The command placeDesign by default is timing-driven (setPlaceMode -timingDriven true) and pre-placement optimization is also enabled (deleteBufferTree, deleteClockTree). The option -inPlaceOpt would force in-place optimization to be performed. Note that if you have run trial placement and routing, it is important to reset -fp option back to false after that.

encounter 1> placeDesign -inPlaceOpt

By default, placement will identify clock gates and place them in a good position for the rest of the flow (setPlaceMode -clkGateAware true). The congestion repairing effort is auto-adaptive based on the routing congestion (setPlaceMode -congEffort auto). And if the flowEffort is set to high, then depending on the design, placeDesign may enable adaptive placement for better congestion and timing closure.

The placement will finish along with a trial routing automatically run to indicate routability. It is important to review the congestions and the trial route overflow issues in the log file. If congestion happens, run setPlaceMode -congEffort high to enable the congRepair command, increase the numerical iterations and make the instance bloating more aggressive. Standalone command congRepair can also be called in any part of the pre-Route flow to relieve congestion.

Pre-CTS Optimization

Pre-CTS optimization is run after placement to fix timing based on ideal clocks including [5]

  • Setup slack (WNS - worst negative slack)
  • Design rule violations (DRVs)
  • Setup times (TNS - total negative slack)

The optDesign command will control timing convergence by updating the design state, placement and routing incrementally. There are several optional guidelines before starting optimization.

  • Review checkDesign -all results
  • Check that the SDC file is clean
  • Check the don't use report reportDontUseCells
  • Adjust settings depending on specific scenarios: high performance, high congestion or high utilization, etc.

Run pre-CTS optimization through the optDesign command. By default this command will not fix max fanout violations. Use the setOptMode command to force it, and the command shown below also enables data to data checks. When optimization completes, you will see a summary of the timing results on the terminal.
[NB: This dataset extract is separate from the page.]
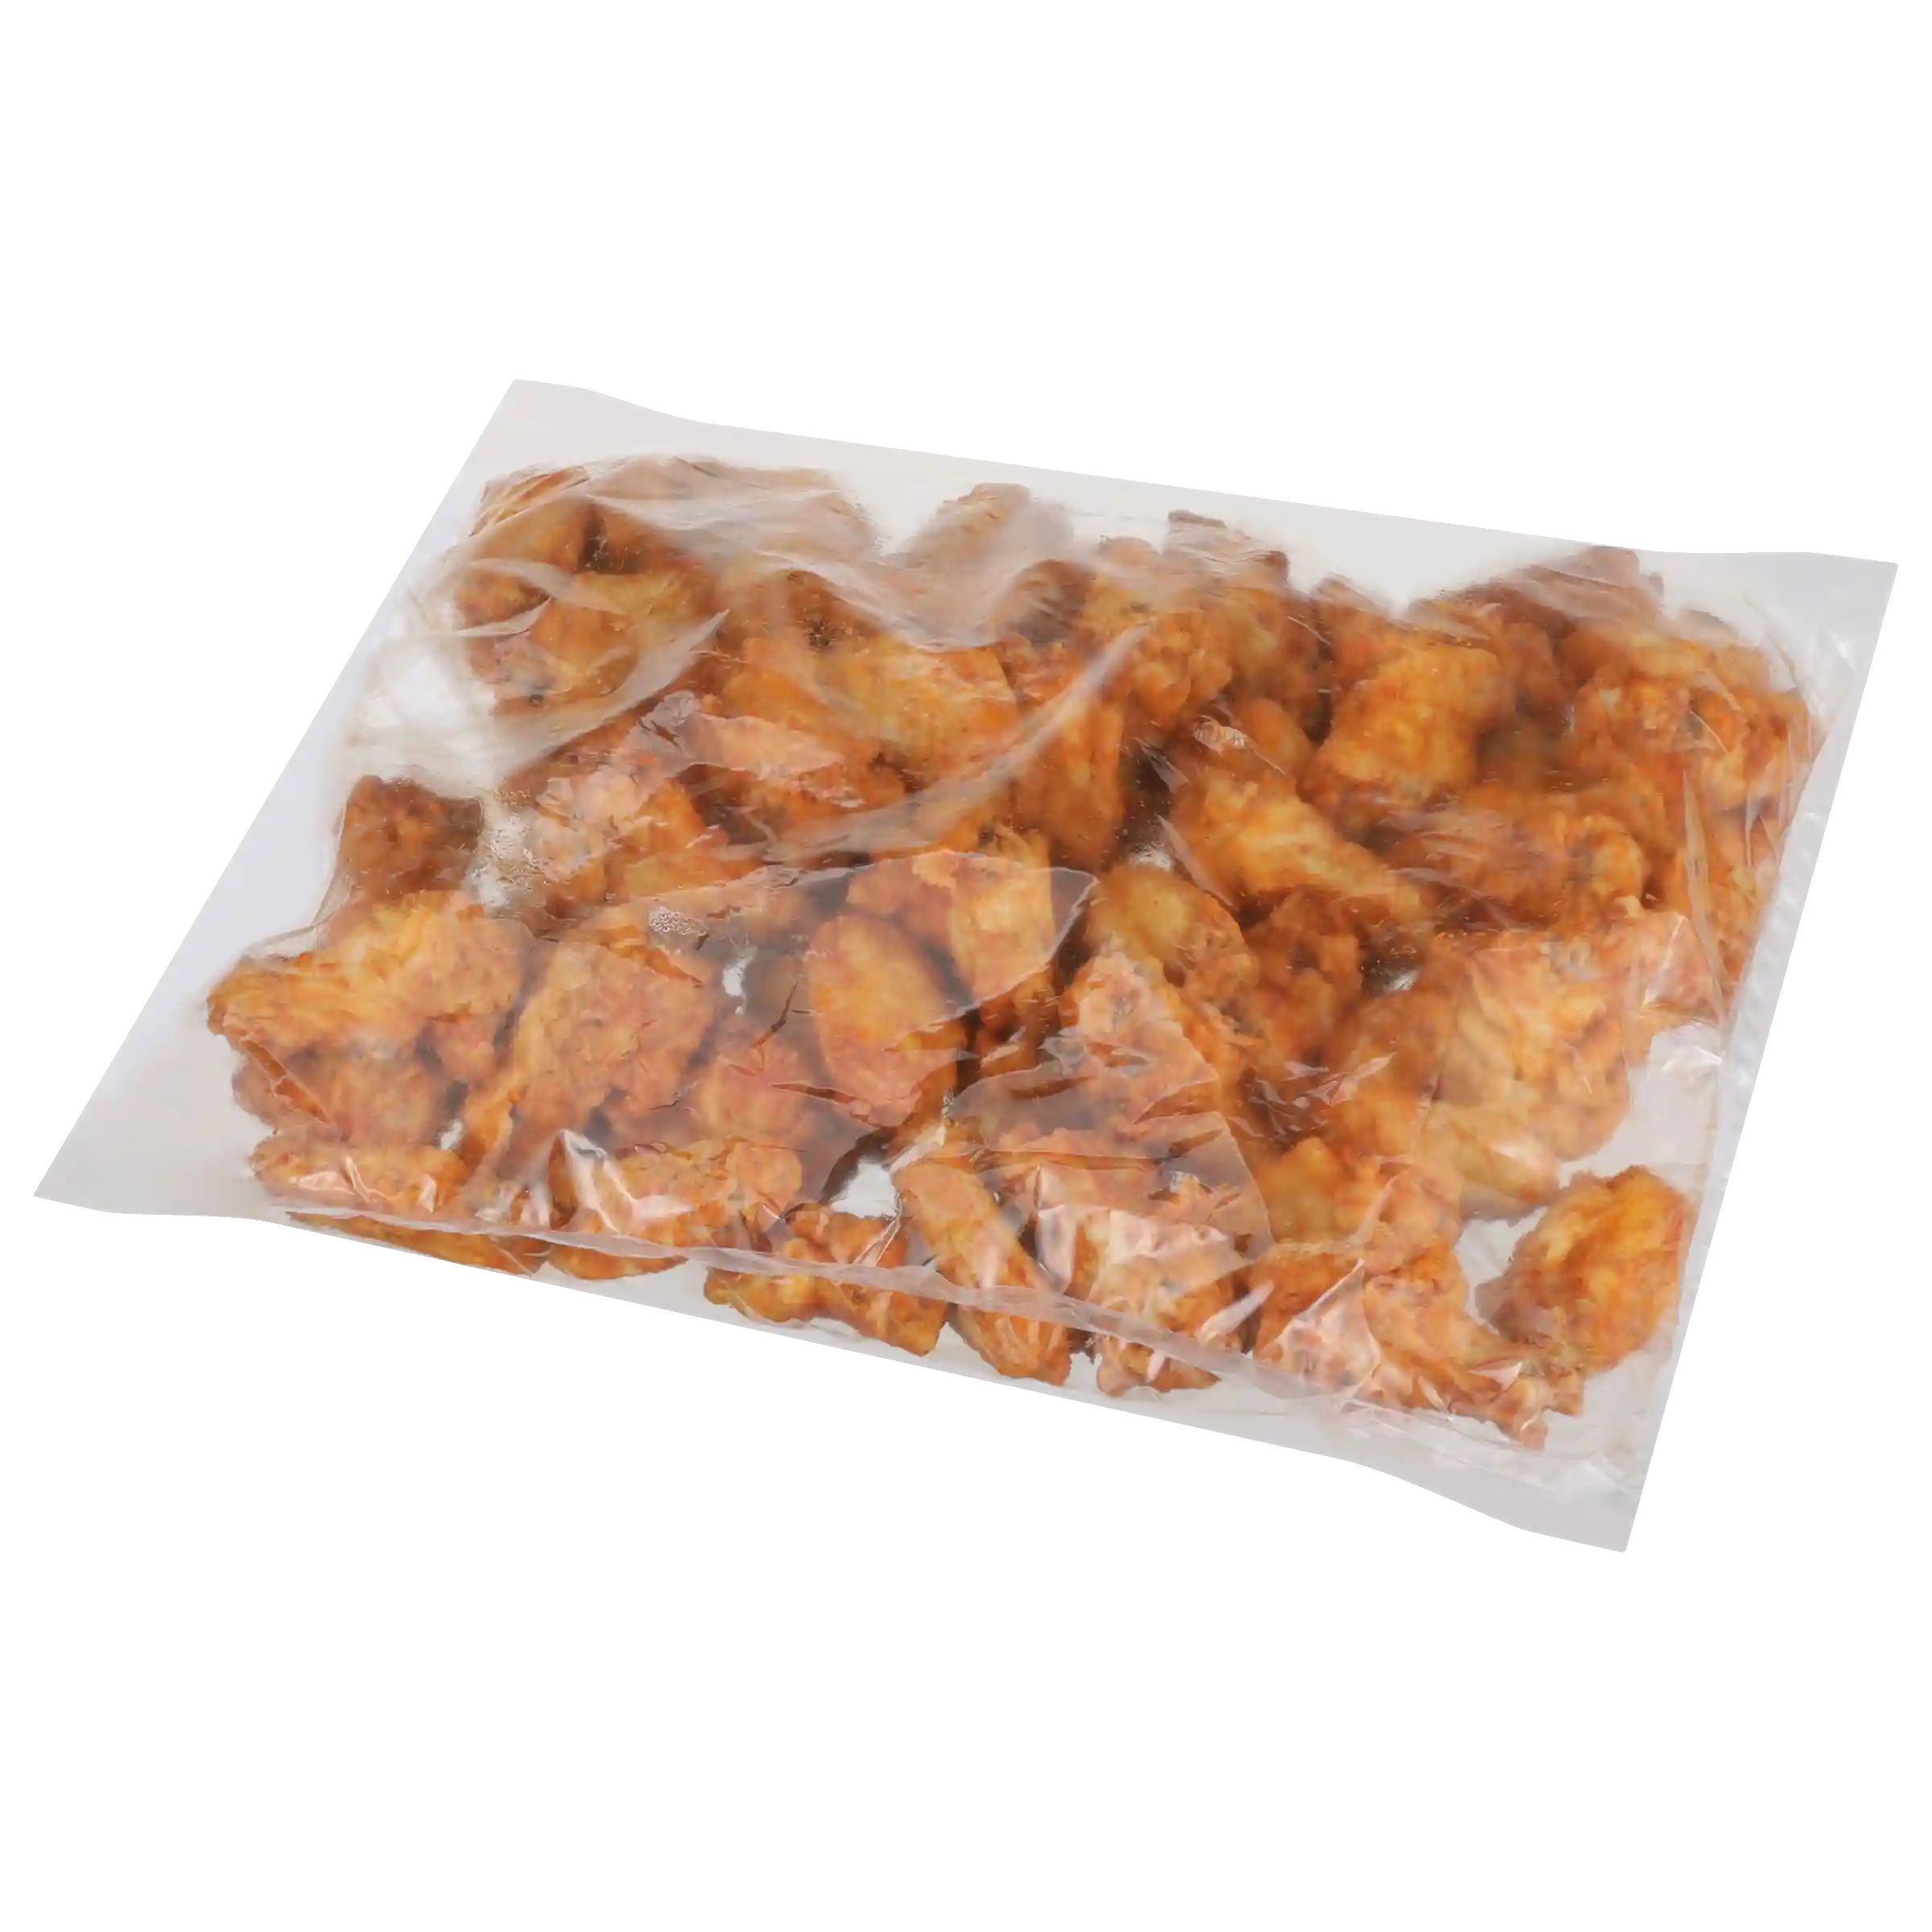 Tyson® Wings of Fire® Fully Cooked Glazed Bone-In Chicken Wing Sections, Small_image_21

encounter 1> setOptMode -fixFanoutLoad true -enableDataToDataChecks true
encounter 1> optDesign -preCTS

Additionally, you can also use the command timeDesign -preCTS to check the current timing. Again, if timing violations exist, use Global Timing Debug (GTD) to analyze the problem. You can also focus timing optimization on specific paths using path groups. By default optDesign will temporarily generate 2 high effort path groups (reg2reg and reg2clkgate). The flow to create and optimize according to path groups is as follows:

# This is optional
encounter 1> timeDesign -preCTS
encounter 1> group_path -name path_group_name -from from_list -to to_list
encounter 1> setPathGroupOptions ...
encounter 1> optDesign -preCTS -incr

CTS

The traditional goal of CTS is to buffer clock nets and balance clock path delays. From EDI 14.2 onwards, the default engine for performing this is CCOpt-CTS. The key steps and commands for a typical clock tree synthesis setup are as follows [5].

  1. Load post-CTS timing constraints (SDC).
  2. Configure non-default routing rules (NDRs) and routing types using create_route_type and set_ccopt_property route_type commands.
  3. Set a target maximum transition time and a target skew using set_ccopt_property target_max_trans and set_ccopt_property target_skew commands.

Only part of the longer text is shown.